▸ INFORMATION GIVEN:
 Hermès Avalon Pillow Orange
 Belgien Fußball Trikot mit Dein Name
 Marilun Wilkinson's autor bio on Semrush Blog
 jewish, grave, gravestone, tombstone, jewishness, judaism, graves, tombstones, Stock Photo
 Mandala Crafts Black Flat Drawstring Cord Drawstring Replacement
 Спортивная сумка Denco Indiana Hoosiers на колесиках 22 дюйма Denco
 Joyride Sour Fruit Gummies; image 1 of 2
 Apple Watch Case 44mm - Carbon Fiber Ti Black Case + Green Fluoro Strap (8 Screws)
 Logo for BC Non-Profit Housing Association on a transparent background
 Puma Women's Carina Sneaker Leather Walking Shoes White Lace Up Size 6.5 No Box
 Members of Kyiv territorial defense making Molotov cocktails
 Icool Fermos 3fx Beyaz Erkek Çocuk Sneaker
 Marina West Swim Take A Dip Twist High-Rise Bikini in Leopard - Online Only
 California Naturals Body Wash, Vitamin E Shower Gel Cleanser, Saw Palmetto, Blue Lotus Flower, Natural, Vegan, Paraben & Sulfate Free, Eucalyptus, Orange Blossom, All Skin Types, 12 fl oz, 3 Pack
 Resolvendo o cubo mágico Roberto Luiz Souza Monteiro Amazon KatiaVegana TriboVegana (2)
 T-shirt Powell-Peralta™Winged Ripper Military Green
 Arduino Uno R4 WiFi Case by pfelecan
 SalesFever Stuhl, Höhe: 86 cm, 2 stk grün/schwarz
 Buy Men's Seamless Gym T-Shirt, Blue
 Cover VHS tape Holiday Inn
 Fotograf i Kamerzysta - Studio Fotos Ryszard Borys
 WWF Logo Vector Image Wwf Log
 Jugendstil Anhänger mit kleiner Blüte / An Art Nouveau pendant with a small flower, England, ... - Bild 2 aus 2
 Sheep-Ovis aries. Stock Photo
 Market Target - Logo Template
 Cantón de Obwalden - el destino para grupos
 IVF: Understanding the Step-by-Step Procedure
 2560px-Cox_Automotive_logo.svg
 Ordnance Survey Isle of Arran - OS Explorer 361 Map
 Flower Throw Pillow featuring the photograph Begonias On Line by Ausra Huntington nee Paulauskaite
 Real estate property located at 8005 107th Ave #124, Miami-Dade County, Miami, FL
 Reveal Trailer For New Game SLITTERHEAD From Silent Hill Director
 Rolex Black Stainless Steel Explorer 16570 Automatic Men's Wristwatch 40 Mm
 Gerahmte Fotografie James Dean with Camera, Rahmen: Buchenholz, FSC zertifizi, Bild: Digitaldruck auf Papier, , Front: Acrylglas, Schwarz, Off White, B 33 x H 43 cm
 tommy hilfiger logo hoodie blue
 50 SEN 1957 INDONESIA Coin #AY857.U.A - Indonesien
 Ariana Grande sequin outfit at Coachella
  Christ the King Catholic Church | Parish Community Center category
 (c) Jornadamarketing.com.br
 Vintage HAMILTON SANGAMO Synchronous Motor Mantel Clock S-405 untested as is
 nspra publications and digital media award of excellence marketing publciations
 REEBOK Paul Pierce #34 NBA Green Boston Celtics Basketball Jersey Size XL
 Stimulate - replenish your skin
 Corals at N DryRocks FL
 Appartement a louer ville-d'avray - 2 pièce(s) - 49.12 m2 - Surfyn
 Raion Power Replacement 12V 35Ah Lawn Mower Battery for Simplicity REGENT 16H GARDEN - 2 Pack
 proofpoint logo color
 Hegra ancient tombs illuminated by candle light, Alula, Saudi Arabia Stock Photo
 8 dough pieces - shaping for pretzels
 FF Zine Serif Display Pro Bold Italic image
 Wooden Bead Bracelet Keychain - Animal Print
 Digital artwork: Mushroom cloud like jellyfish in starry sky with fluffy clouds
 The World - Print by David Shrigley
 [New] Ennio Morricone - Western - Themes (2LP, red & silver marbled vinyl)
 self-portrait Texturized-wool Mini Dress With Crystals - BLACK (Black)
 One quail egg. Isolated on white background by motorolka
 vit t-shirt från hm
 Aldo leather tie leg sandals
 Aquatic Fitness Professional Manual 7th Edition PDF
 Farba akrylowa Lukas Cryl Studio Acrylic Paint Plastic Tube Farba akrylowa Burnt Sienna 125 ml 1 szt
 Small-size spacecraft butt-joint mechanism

▸ WHAT YOU NEED TO DO: In the material above, transcribe exactly the lines beginning at the one with "SalesFever Stuhl, Höhe: 86" and ending at the one with "Sheep-Ovis aries. Stock Photo", both included.

▸ WRITTEN SOLUTION:
 SalesFever Stuhl, Höhe: 86 cm, 2 stk grün/schwarz
 Buy Men's Seamless Gym T-Shirt, Blue
 Cover VHS tape Holiday Inn
 Fotograf i Kamerzysta - Studio Fotos Ryszard Borys
 WWF Logo Vector Image Wwf Log
 Jugendstil Anhänger mit kleiner Blüte / An Art Nouveau pendant with a small flower, England, ... - Bild 2 aus 2
 Sheep-Ovis aries. Stock Photo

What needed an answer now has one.